What are the success rates of ACL surgery?

The reported success rates of ACL surgery in our country and worldwide range between 80% and 90%. However, in some patients (10-20%), satisfactory results may not be achieved due to technical issues, new injuries, or the newly implanted tissue not maturing and strengthening as a new ligament. In some of these cases, revision surgery may be necessary. The factors that significantly affect the success of the surgery are the surgeon’s interest, experience, and the postoperative rehabilitation program applied. Therefore, in almost every patient, appropriate rehabilitation program and ACL exercises should be initiated after the surgery.

What are the possible complications after surgery?

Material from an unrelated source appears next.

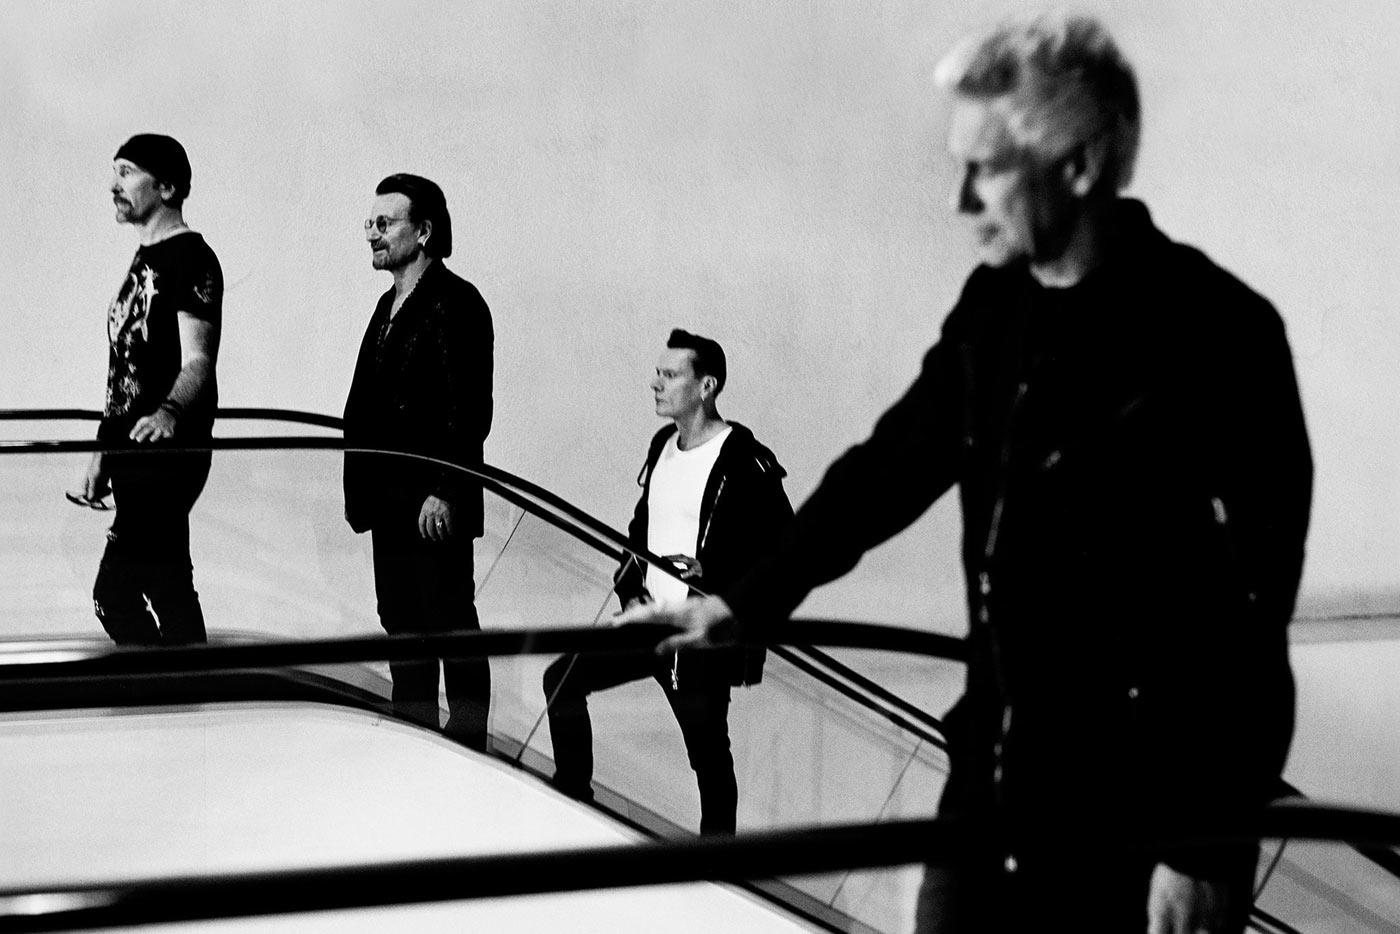 Se descubre la grabación más antigua de U2 y dos temas inéditos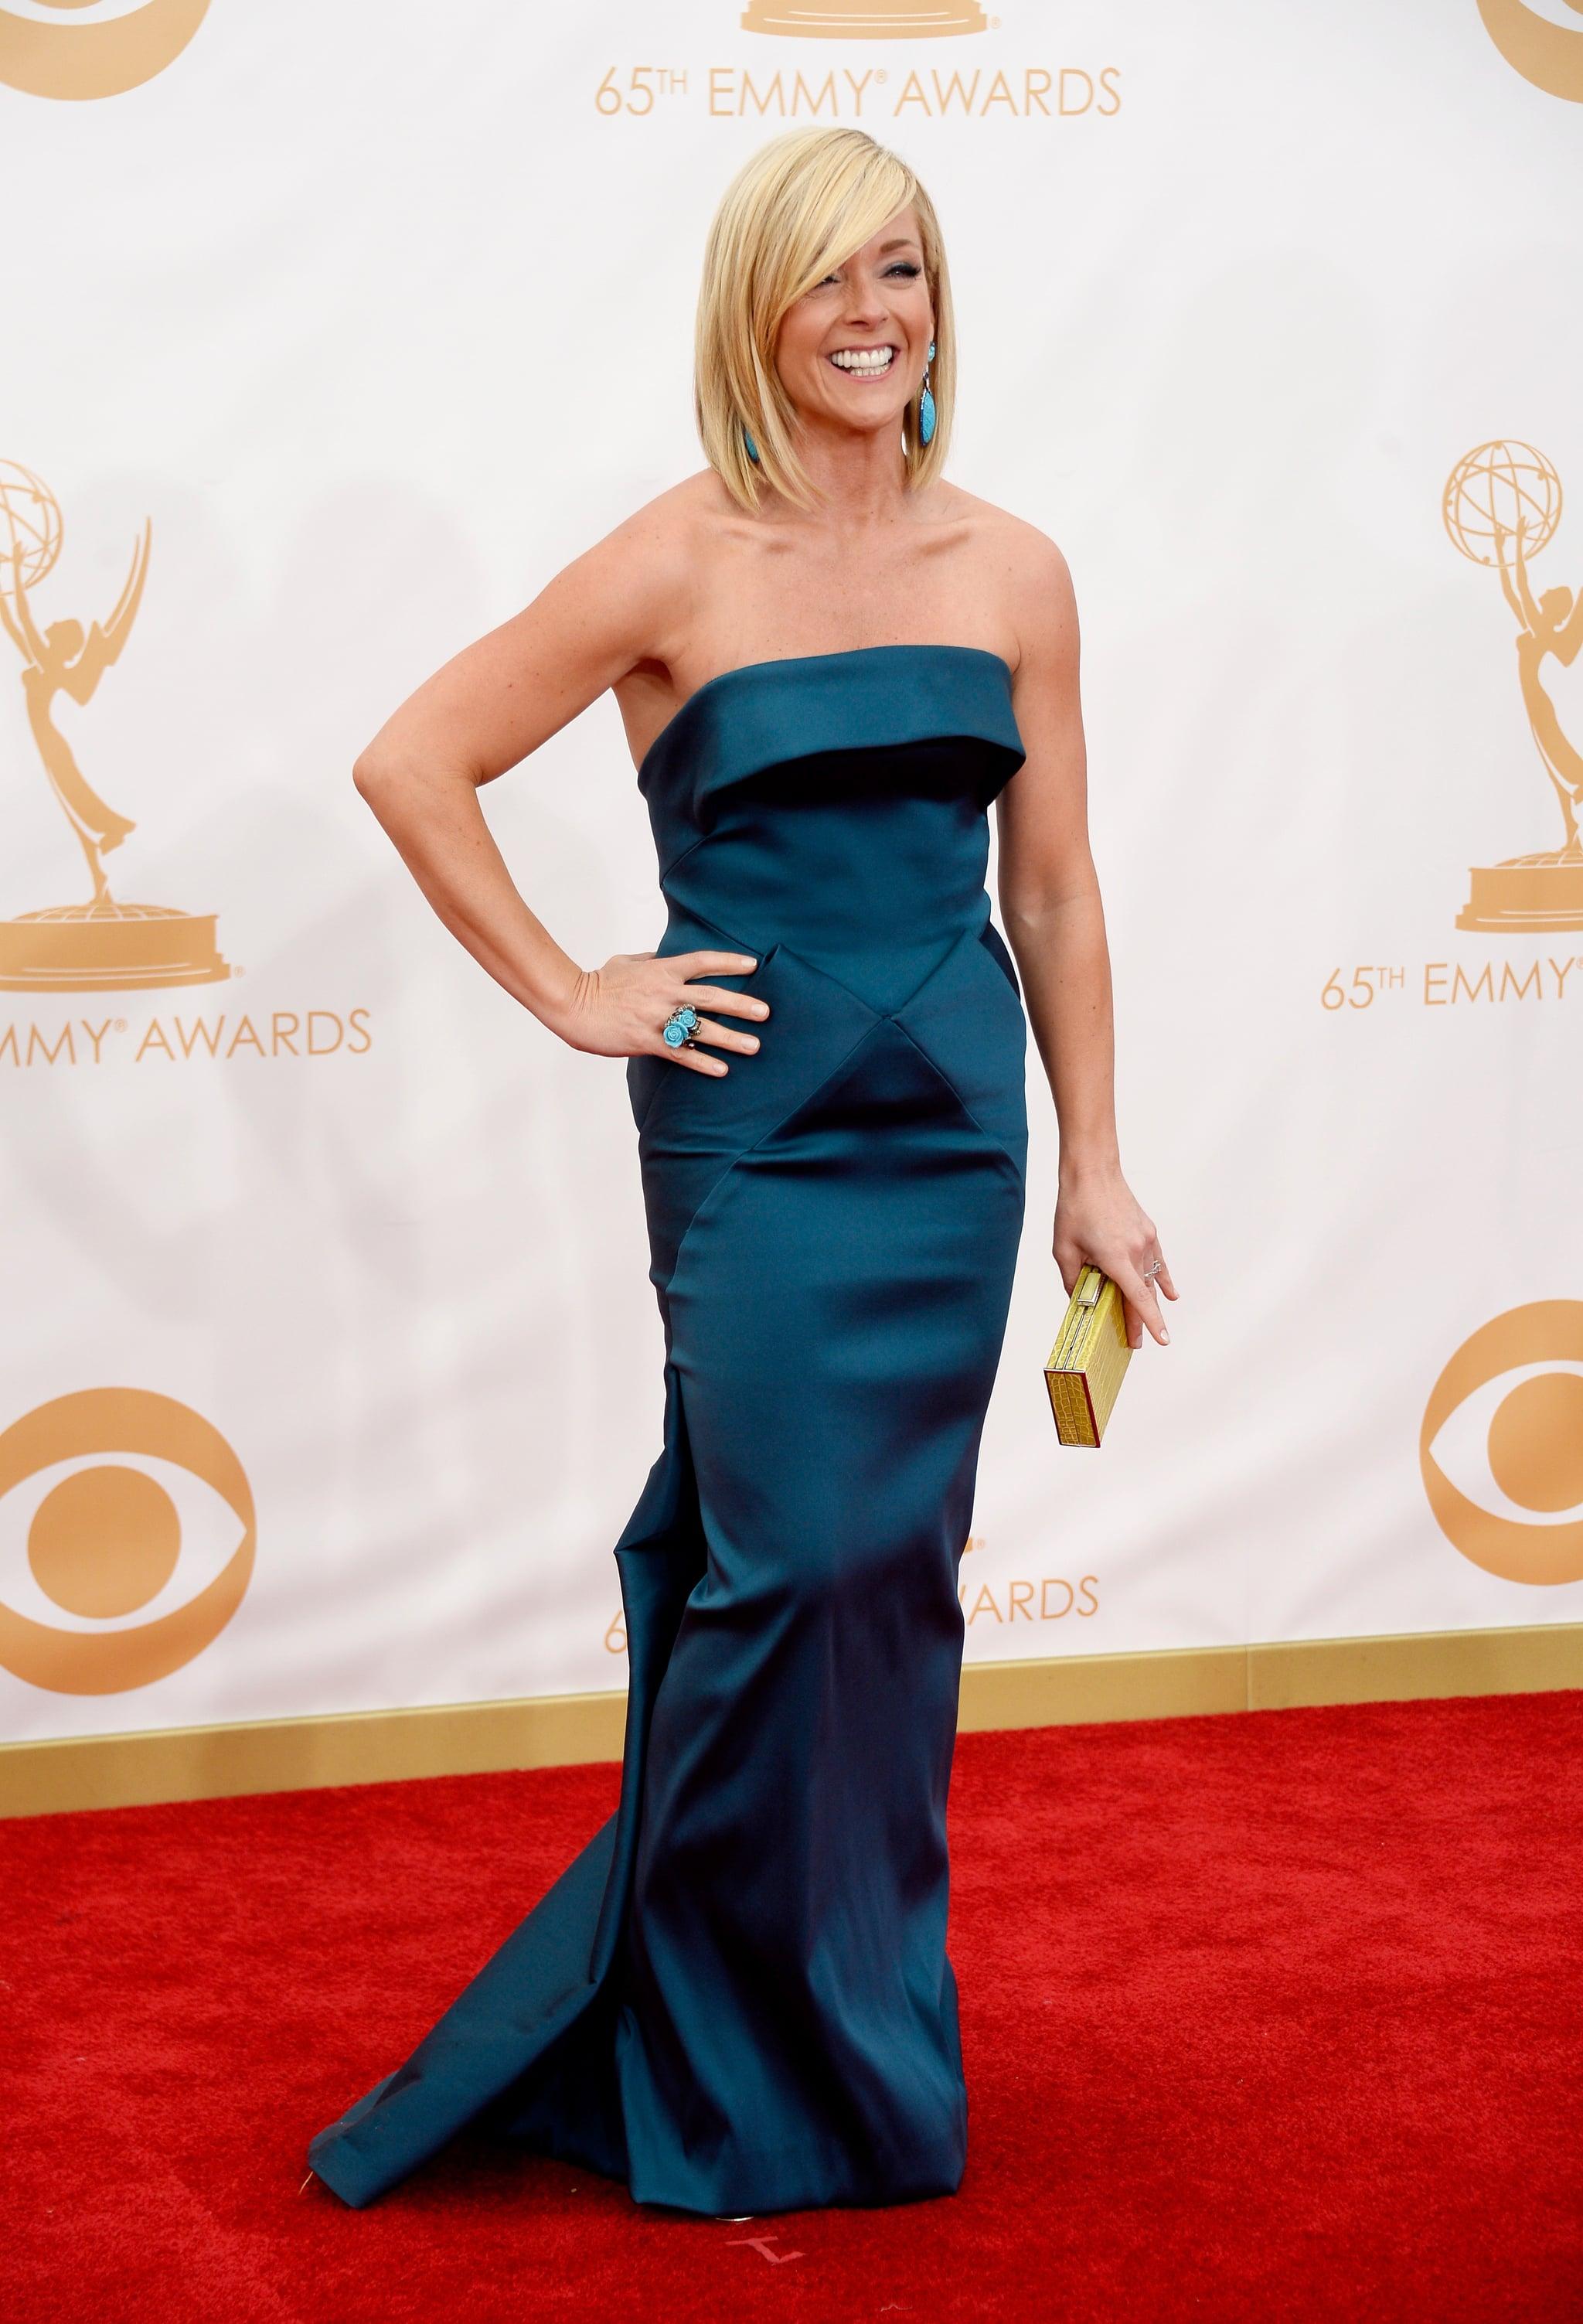 Jane Krakowski struck a pose on the Emmys red carpet.

Deep vein thrombosis: It is the formation of a blockage in the deep veins of the leg. There is a risk of occurrence after any surgery related to the lower extremity, and prolonged surgery, genetic predisposition, and advanced age increase the risk. To minimize this risk, all patients receive short- or long-term anticoagulant medication, known as blood thinners, according to their individual risk profile after the surgery. They are also provided with anti-emb

olism stockings, and early mobilization is encouraged.

Infection: Although infection is very rare in arthroscopic cases, it can occur. Just like in any open surgeries, extreme attention to sterility is required in these operations. To further reduce the risk of infection, antibiotic prophylaxis should be used. In some cases, a short course of antibiotics may be prescribed after the surgery, at the discretion of the physician.

Joint Stiffness: The risk of developing joint stiffness after arthroscopic cases is very low. However, if ACL surgery is performed after the first 3 weeks of knee injury, this risk may slightly increase. Early mobilization after surgery helps to reduce this risk.

Graft Impingement: If the location of the bone tunnels created during ACL surgery is not appropriate, the implanted ligament may get impinged within the knee during movements, causing restricted motion, pain, and swelling. This risk is minimized with the surgeon’s experience. When graft impingement is diagnosed, revision surgery is often necessary.